Gasoline Taxation and Air Pollution

07/01/2013
Featured in print Digest

The drivers of dirtier vehicles respond substantially more to changes in fuel prices than the drivers of clean vehicles.

Driving a car produces an externality -- pollution -- that imposes various economic costs, but drivers do not directly pay for that externality. The efficient economic remedy would tax individual drivers based on their vehicles' emissions, but that is currently impractical. Taxing gasoline purchases, which are related to emissions, is an indirect alternative, but the gasoline tax does not take into account the variation across vehicles in per-gallon emissions. In The Welfare Impact of Indirect Pigouvian Taxation: Evidence from Transportation (NBER Working Paper No. 18849), Christopher Knittel and Ryan Sandler examine how differences in consumers' price sensitivity of demand for gasoline, and variation in per-gallon emissions across vehicles, affect the efficiency of the gasoline tax as a policy instrument for reducing pollution.

Using vehicle data from California for the period 1998 to 2008, they find that the variation in vehicle emissions is correlated with how vehicle-specific-miles-driven respond to a change in gasoline prices. The drivers of dirtier vehicles respond substantially more to changes in fuel prices than the drivers of clean vehicles. This means that the local pollution-lowering benefits from an increase in the gasoline tax are larger than estimates based on equal-demand responses across all drivers.

In fact, the authors estimate that the health benefits of a gasoline tax would increase by 90 percent once the variation in responsiveness of vehicle emissions is taken into account. This result is not driven by a vintage effect, whereby older vehicles are more responsive to changes in gasoline prices and at the same time have higher emissions.

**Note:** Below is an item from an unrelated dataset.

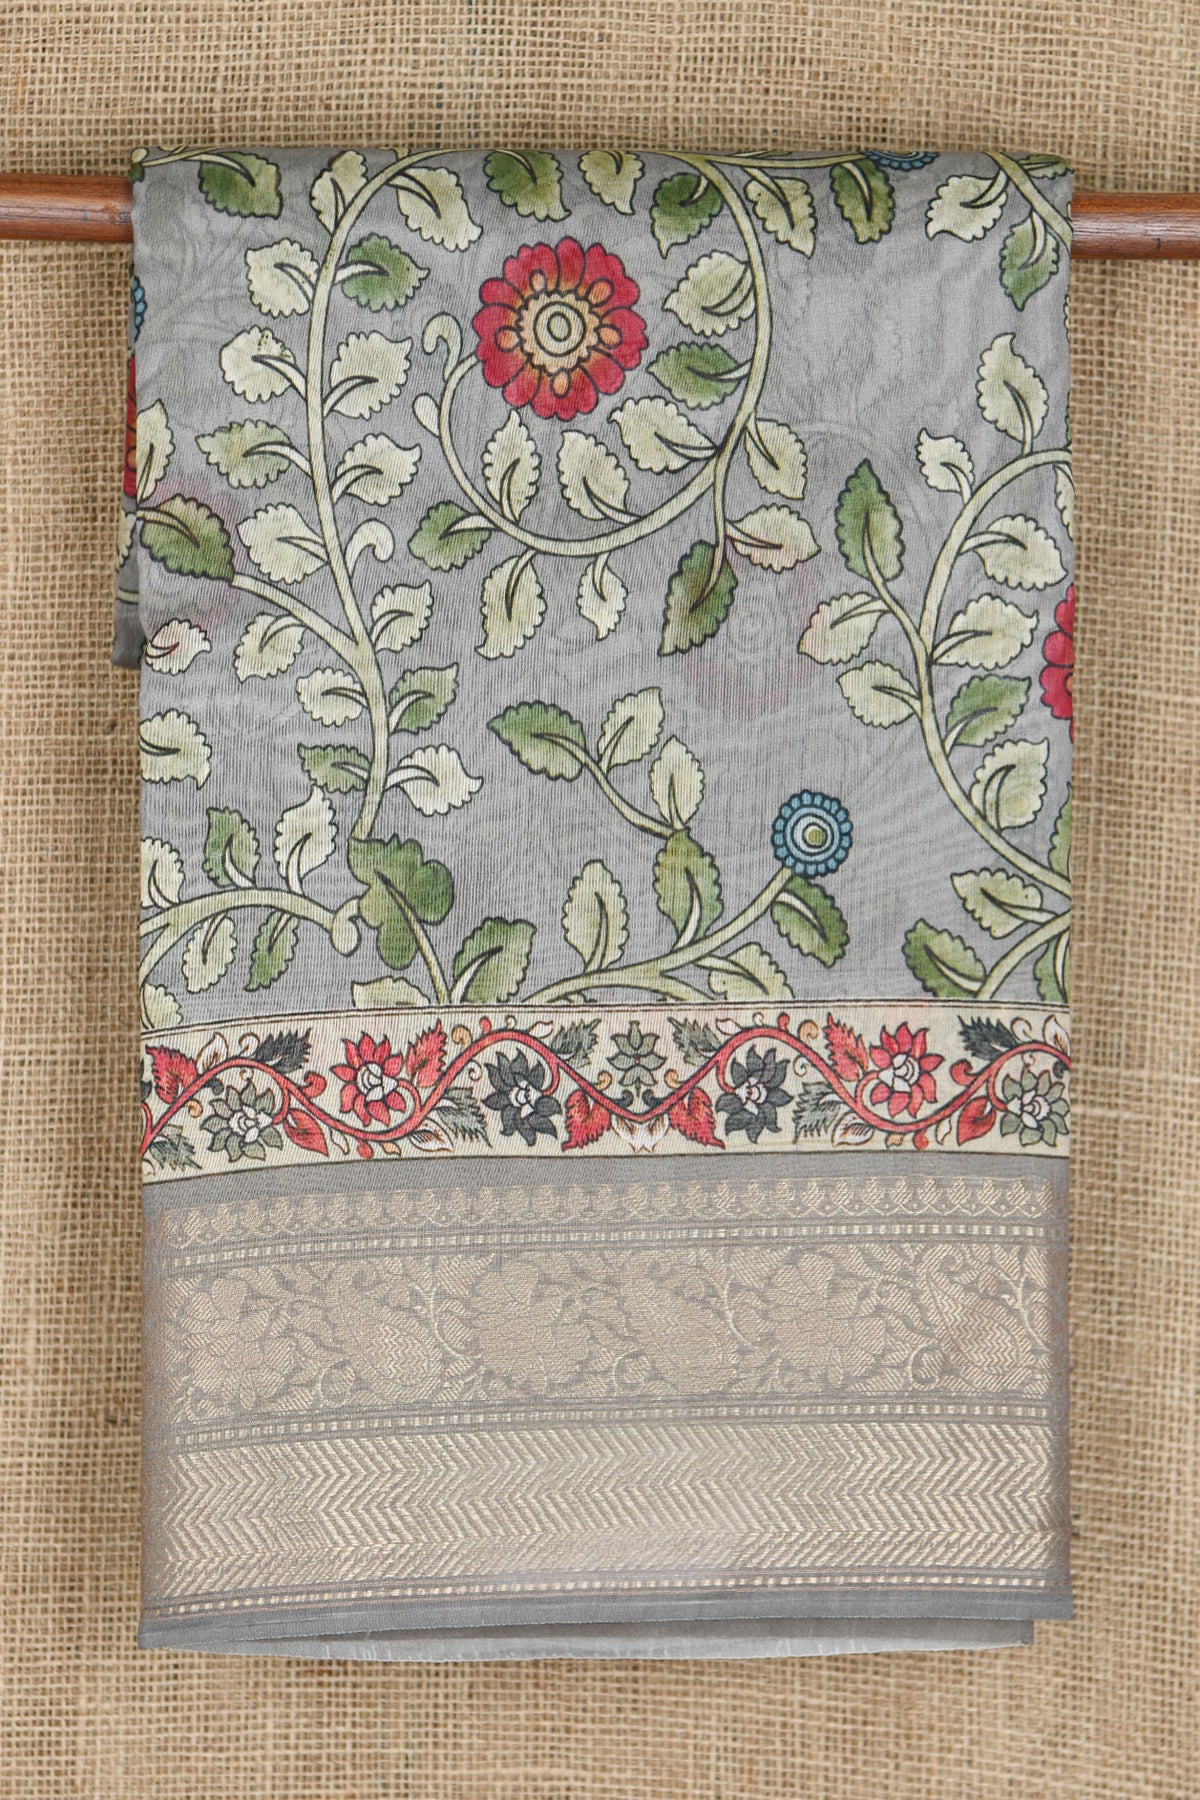 Paisley Zari Border With Digital Floral Printed Grey Kalamkari Printed Chanderi Cotton Saree

The authors find that a uniform tax on emissions -- currently impractical but often discussed -- would perform poorly in eliminating the inefficiencies associated with vehicle emissions. Over 75 percent of those inefficiencies would remain with such a tax. The dirtiest vehicles, which are most responsive to an emissions tax, would not be taxed enough while some clean vehicles would be over-taxed. One potential strategy for reducing these inefficiencies would be to condition taxes based on vehicle type, and particularly on the age of the vehicle. Another route would be to scrap the dirtiest 10 percent of vehicles, or to retire the most polluting vehicles through cash-for-clunkers or allowing gasoline taxes to be county-specific.